Summary
Visa Inc. announced on February 13, 2026, that its Board of Directors has authorized the company to proceed with a successive exchange offer for its outstanding Class B common stock. This action is contingent upon the satisfaction of specific conditions previously disclosed in a December 7, 2023, proxy statement, primarily related to the resolution of U.S. covered litigation concerning interchange reimbursement fees. The company believes these conditions are on the verge of being met, citing a significant reduction in the estimated fees from approximately $49.6 billion in October 2023 to $39.4 billion in October 2025, and anticipating further reductions from upcoming claim dismissals. If the conditions are met, Visa plans to file a Form S-4 registration statement with the SEC, which will detail the exchange offer.
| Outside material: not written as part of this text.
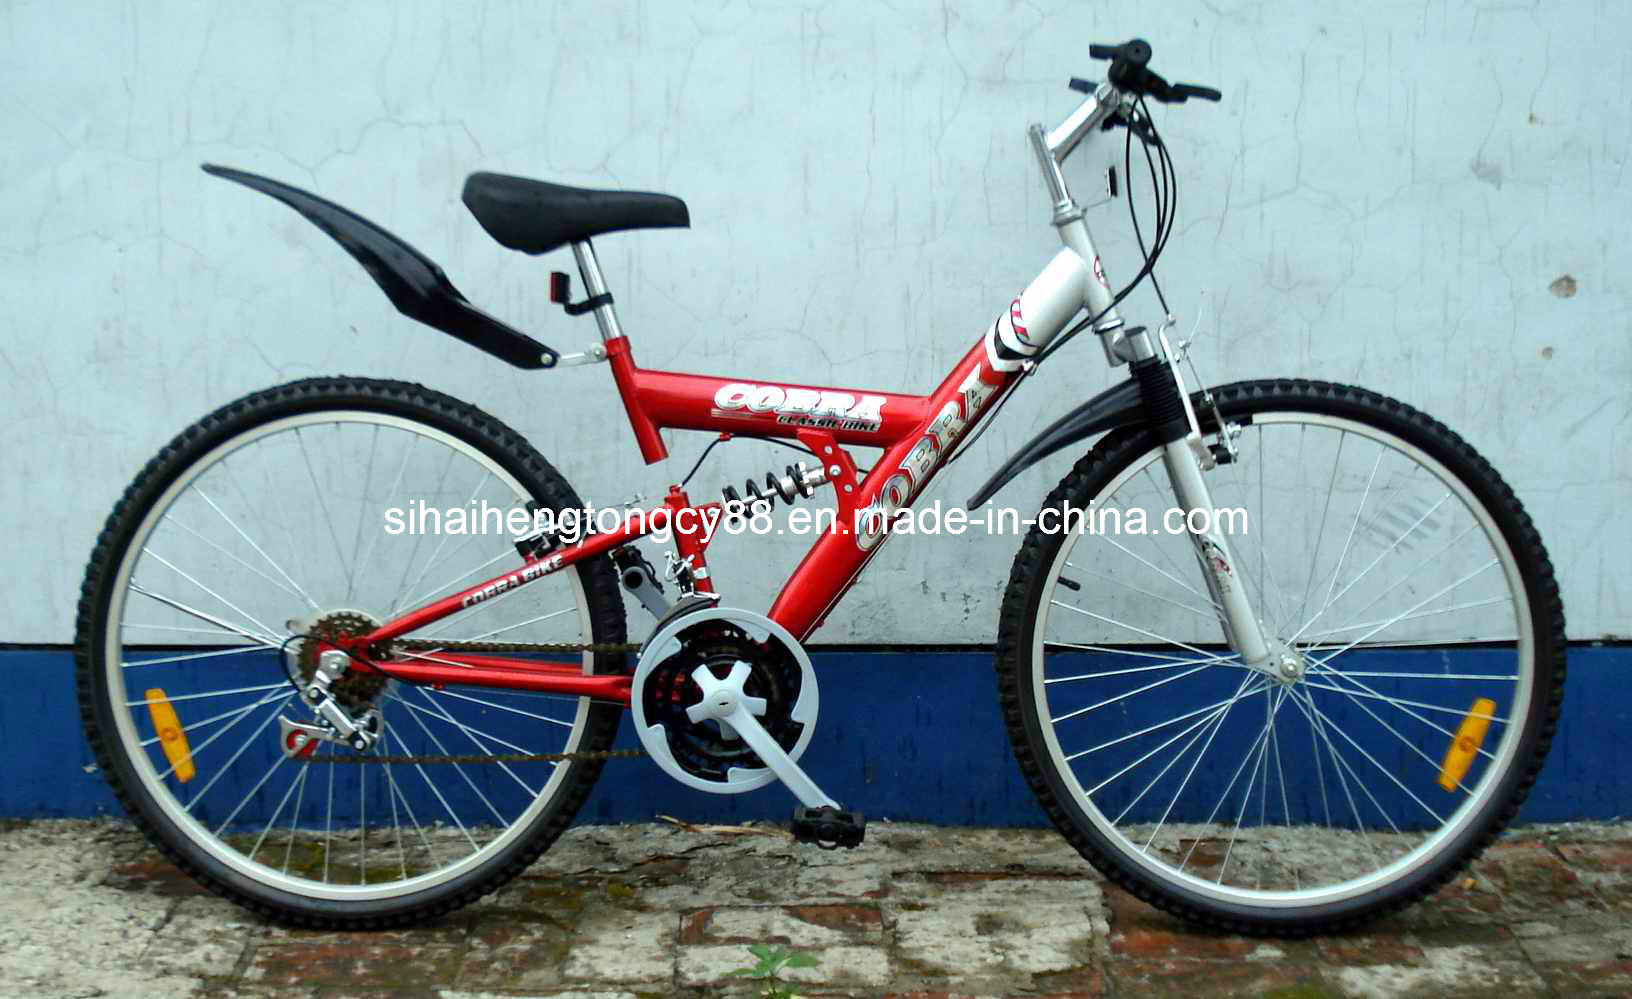 Popular Simple Suspension Bicycle for Sale (SH-SMTB059)

This offer is expected to extend to holders of Class B-1 and Class B-2 common stock, providing them the opportunity to exchange their shares for a mix of Class B-3 common stock (which will retain transfer restrictions) and freely transferable Class C common stock. Investors should note that this announcement is for informational purposes only and does not constitute an offer to sell or solicit an offer to buy securities; the actual exchange offer will be subject to SEC review, market conditions, and other factors.
Key Highlights
- 1Visa's Board has authorized a successive exchange offer for Class B common stock.
- 2The offer is contingent on meeting specific conditions related to U.S. litigation regarding interchange reimbursement fees.
- 3Estimated interchange reimbursement fees have decreased from $49.6 billion (Oct 2023) to $39.4 billion (Oct 2025), nearing the 50% reduction threshold.
- 4Visa expects to file a Form S-4 registration statement with the SEC if conditions are met.
- 5The exchange offer will allow holders of Class B-1 and Class B-2 stock to swap for Class B-3 and Class C common stock.
- 6Class B-3 stock will retain transfer restrictions, while Class C stock will be freely transferable.
- 7This announcement is informational and not an offer to exchange securities; final details will be in the Form S-4.